Then Google Fonts is not correctly coded, as it'll use remote font only. And myriads of websites reusing Google Fonts snippets. To try local source first, you have to explicitly ask for it in @font-face/src which Google Fonts does not do.

So installing font into your OS won't help you with any website using Google Fonts service.

3 comments

> Then Google Fonts is not correctly coded, as it'll use remote font only.

For a good technical reason: the version installed on the computer may not really match whatever the version on Google Fonts serves (fonts have notoriously no semantic versioning aside from some programmer-oriented fonts, examples of these outside are Segoe UI (changed between Windows 7 and 8) and Liberation fonts (some versions notoriously lack some glyph symbols) and on Google Fonts platform the Exo and Exo 2 problem (which was resolved by renaming the second version to Exo 2)).

Of course, there are also some benefits to Google (you know what are those benefits are).

From the google fonts FAQ it says they will use the locally installed font if possible

https://developers.google.com/fonts/faq#can_i_download_the_f...

> Note that when browsers render websites that use the Google Fonts API, they will check if a font is installed locally on your computer, and prefer to use the local version over web fonts.

Here's snippet from CSS served to my browser:

https://fonts.googleapis.com/css2?family=Inconsolata&display...

    @font-face {
      font-family: 'Inconsolata';
      ...
      src: url(https://fonts.gstatic.com/s/inconsolata/....woff2) format('woff2');
  unicode-range: U+0000-00FF, ...;
Wow!
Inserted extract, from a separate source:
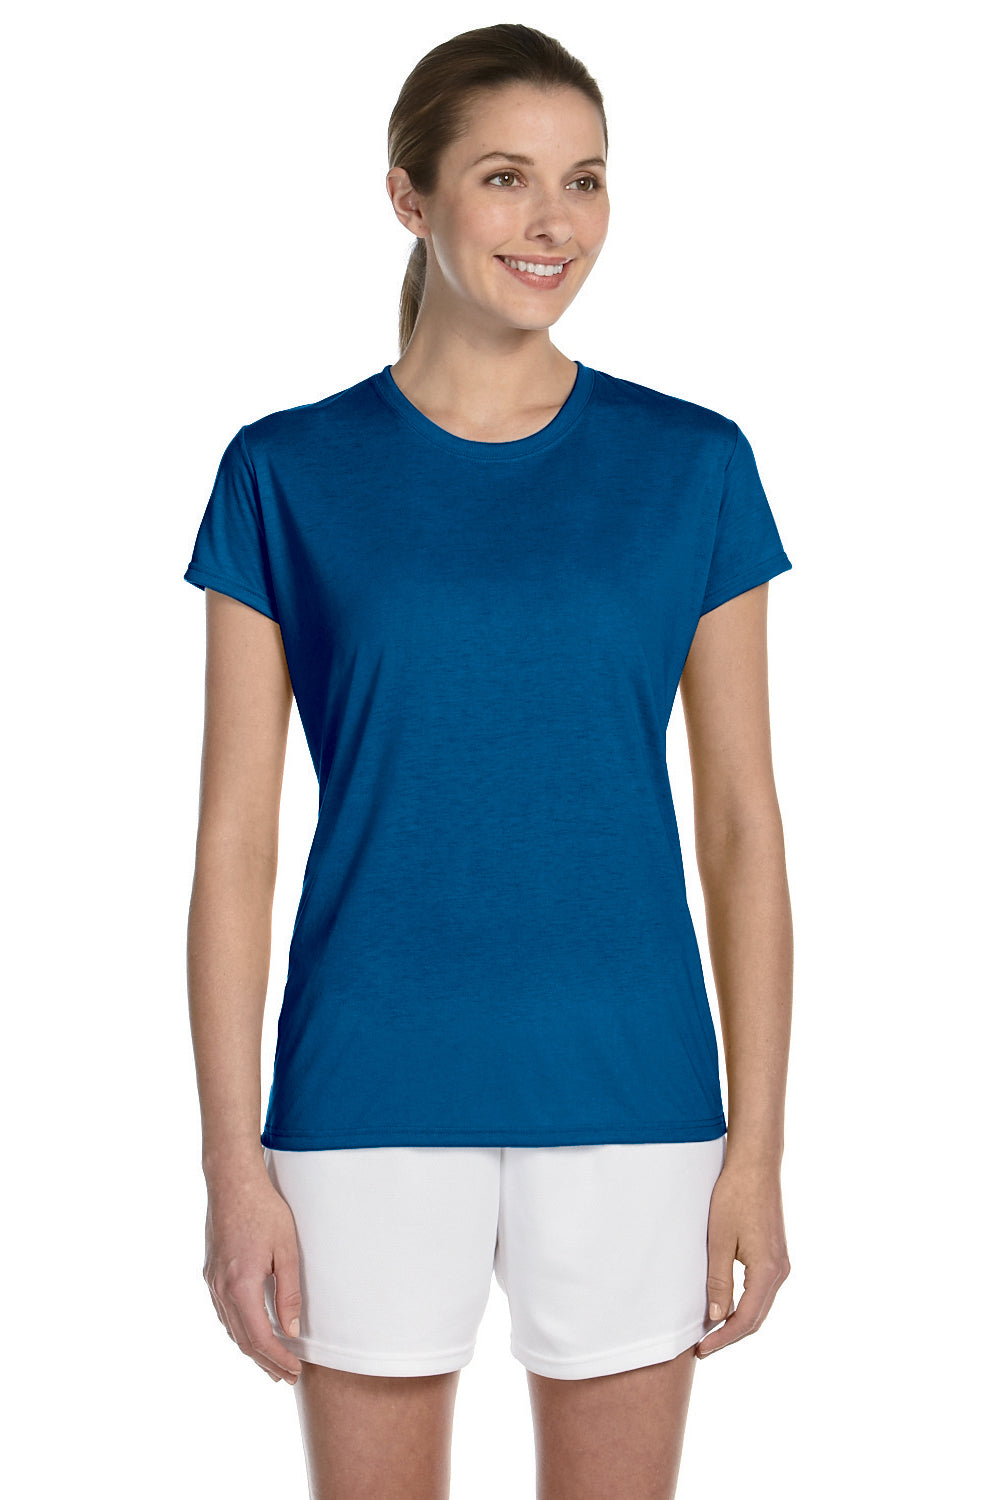 Gildan G420L Womens Performance Jersey Moisture Wicking Short Sleeve Crewneck T-Shirt Royal Blue Front

That used to not be the case. I can't find anything about the change but it used to include a check for local(font-face) in the sources.

Some random references to it w/ the snippets:

https://stackoverflow.com/a/52413970

https://stackoverflow.com/questions/18303215/how-can-i-preve...

https://github.com/google/fonts/issues/2620

Thank you, I gave advice and missed this change.

I've created issue "Local font name makes web accessible", and I hope it would be fixed.

https://github.com/google/fonts/issues/2855

I wasn't aware Google Fonts' CSS didn't include local. That's disappointing. Thanks for letting me know!
I've definitely seen use of src:local(...) in the CSS served by Google Fonts in the past, but they may have changed things, or perhaps it depends on details of the request, the detected browser, etc. YMMV.
I just checked on a website I maintain, and it's looks like Google Fonts behaviour has changed. It definitely used to prioritise local fonts, and now it doesn't. In a way, I understand, because local fonts aren't always identical to the online ones, leading to weird bugs that might not be noticed at first (especially in languages that don't use Latin characters). Fonts also get updated over time.

When you select fonts on Google Fonts, the website instructs you to link to CSS hosted by Google, which is simple to implement, but not performant. Really, you would want to load that CSS asynchronously, so that the rendering of the whole website doesn't wait for Google Fonts. (Here's how you load CSS asynchronously, by the way: https://stackoverflow.com/q/32759272/247696 ) Or even better, host the fonts yourself.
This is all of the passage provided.